The objective of this study was to review literature about the correlation between fetal autopsy and ultrasound findings of fetal malformations. Search in PubMed, Medline, EMBASE, Clinicl trials.org, reference list was performed. Inclusion criteria for studies selection were: fetal autopsy performed after termination of pregnancy (TOP) or stillbirth, TOP for fetal anomalies, prenatal diagnosis of malformations, data reported as proportional rates.

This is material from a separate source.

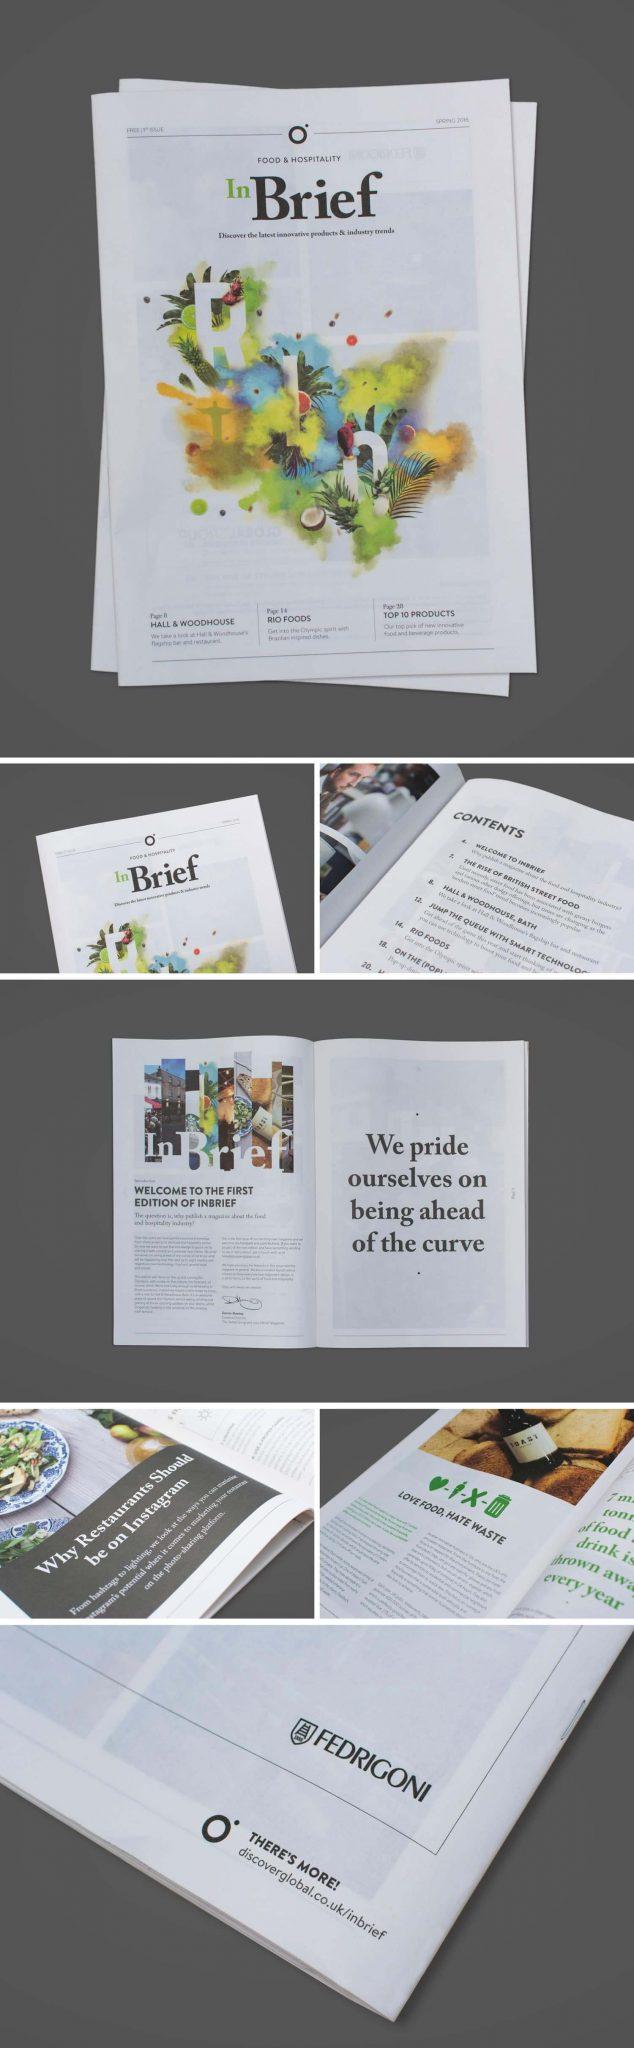 InBrief-Magazine-Portolio-Shots-Montage-Web-Version
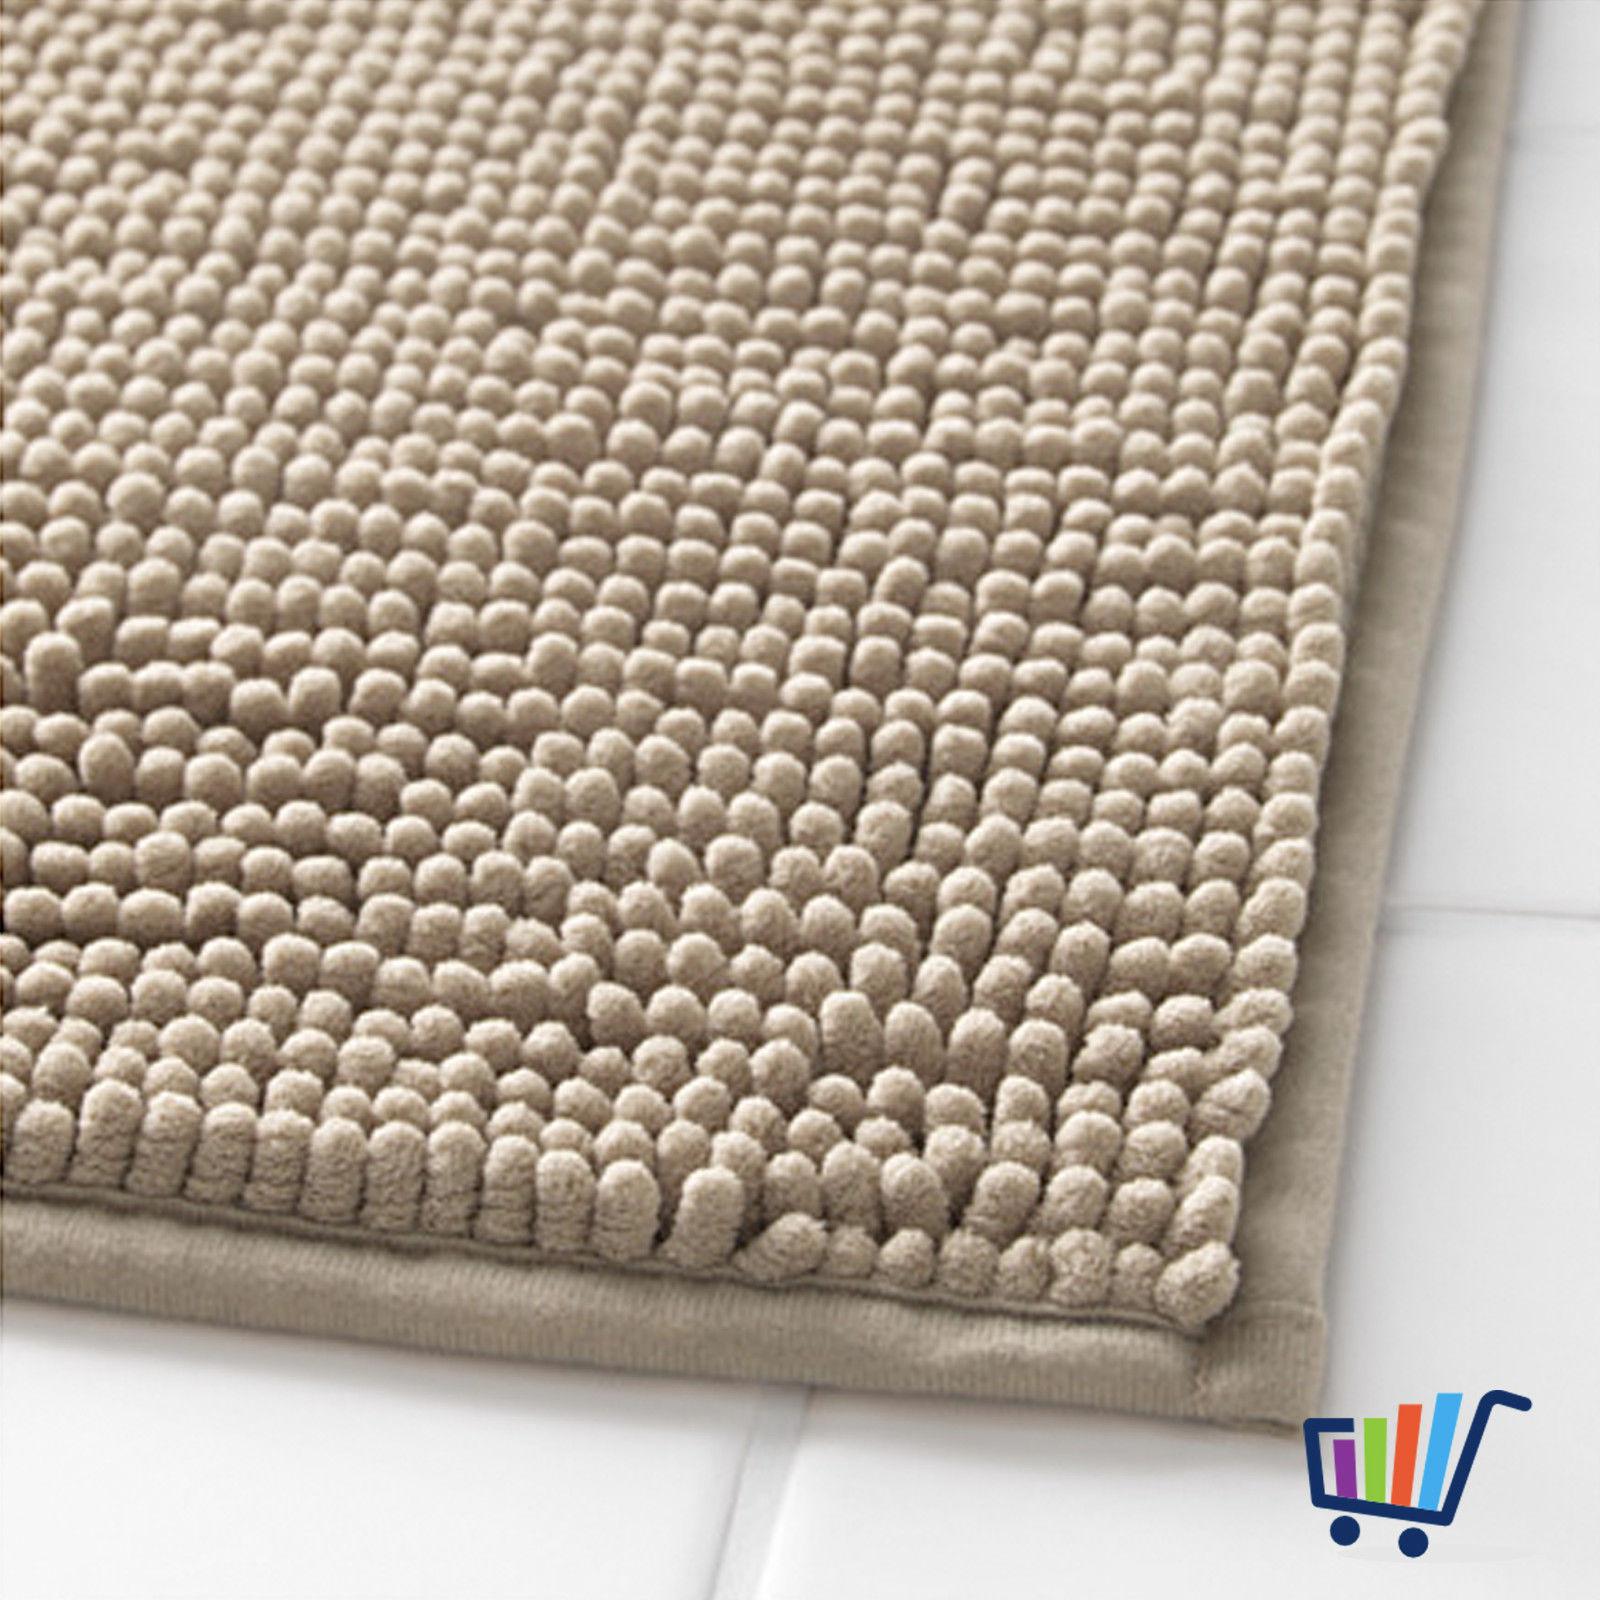 ikea toftbo duschmatte 60 90 cm beige matte vorleger badezimmermatte weich neu traumfabrik xxl. Black Bedroom Furniture Sets. Home Design Ideas

case reports, non English language, data reported in graphs or percentage. From each article: sample size, type of malformation, indication for TOP, autopsy findings. Fetal anomalies were grouped in central nervous system (CNS), genitourinary (GU), congenital heart defects (CHD), gastrointestinal (GI), thorax, limbs, skeleton, genetics (TOP for abnormal karyotype), multiples (TOP for multiple severe malformations for which a single indication for TOP/stillbirth could not be identified). Correspondence between autopsy and ultrasound was defined as agreement (same diagnosis), additional (additional findings undetected by ultrasound), unconfirmed (false positive and false negative ultrasound). PRISMA guidelines were followed. From 19 articles, 3534 fetuses underwent autopsy, which confirmed prenatal ultrasound in 2401 (68.0%) fetuses, provided additional information in 794 (22.5%) fetuses, and unconfirmed prenatal ultrasound in 329 (9.2%) fetuses. The latter group consisted of 3.2% false positive and 2.8% false negative cases. The additional findings changed the final diagnosis in 3.8% of cases. The most frequent indication for TOP/stillbirth was CNS anomalies (36.3%), whereas thorax anomalies represented the less frequent indication (1.7%). The highest agreement between autopsy and prenatal ultrasound was observed in CNS (79.4%) and genetics (79.2%), followed by GU anomalies (76.6%), skeleton (76.6%), CHD (75.5%), thorax (69.7%); GI (62.6%), multiple (37.0%), limbs (23.3%). In spite of the high agreement between prenatal ultrasound and autopsy, fetal examination is mandatory because in a minority of cases it discloses additional findings or changes the final diagnosis and genetic counselling.
本研究的目的是回顾关于胎儿尸检与胎儿畸形超声检查结果之间相关性的文献。检索了PubMed、Medline、EMBASE、Clinicaltrials.org及参考文献列表。研究选择的纳入标准为:妊娠终止(TOP)或死产后进行的胎儿尸检、因胎儿畸形而进行的TOP、畸形的产前诊断、以比例率形式报告的数据。
病例报告、非英文文献、以图表或百分比形式报告的数据。从每篇文章中提取:样本量、畸形类型、TOP指征、尸检结果。胎儿畸形分为中枢神经系统(CNS)、泌尿生殖系统(GU)、先天性心脏缺陷(CHD)、胃肠道(GI)、胸部、四肢、骨骼、遗传学(因染色体核型异常而进行的TOP)、多胎妊娠(因多种严重畸形而进行的TOP/死产,无法确定单一的TOP/死产指征)。尸检与超声之间的对应关系定义为一致(相同诊断)、补充(超声未检测到的额外发现)、未确认(超声假阳性和假阴性)。遵循PRISMA指南。19篇文章中,3534例胎儿接受了尸检,其中2401例(68.0%)胎儿的产前超声检查结果得到尸检确认,794例(22.5%)胎儿提供了额外信息,329例(9.2%)胎儿的产前超声检查结果未得到确认。后一组包括3.2%的假阳性病例和2.8%的假阴性病例。额外发现使3.8%的病例最终诊断发生改变。TOP/死产最常见的指征是CNS异常(36.3%),而胸部异常是最不常见的指征(1.7%)。尸检与产前超声之间一致性最高的是CNS(79.4%)和遗传学(79.2%),其次是GU异常(76.6%)、骨骼(76.6%)、CHD(75.5%)、胸部(69.7%)、GI(62.6%)、多胎妊娠(37.0%)、四肢(23.3%)。尽管产前超声与尸检之间一致性较高,但胎儿检查仍是必要的,因为在少数情况下,它会揭示额外发现或改变最终诊断及遗传咨询结果。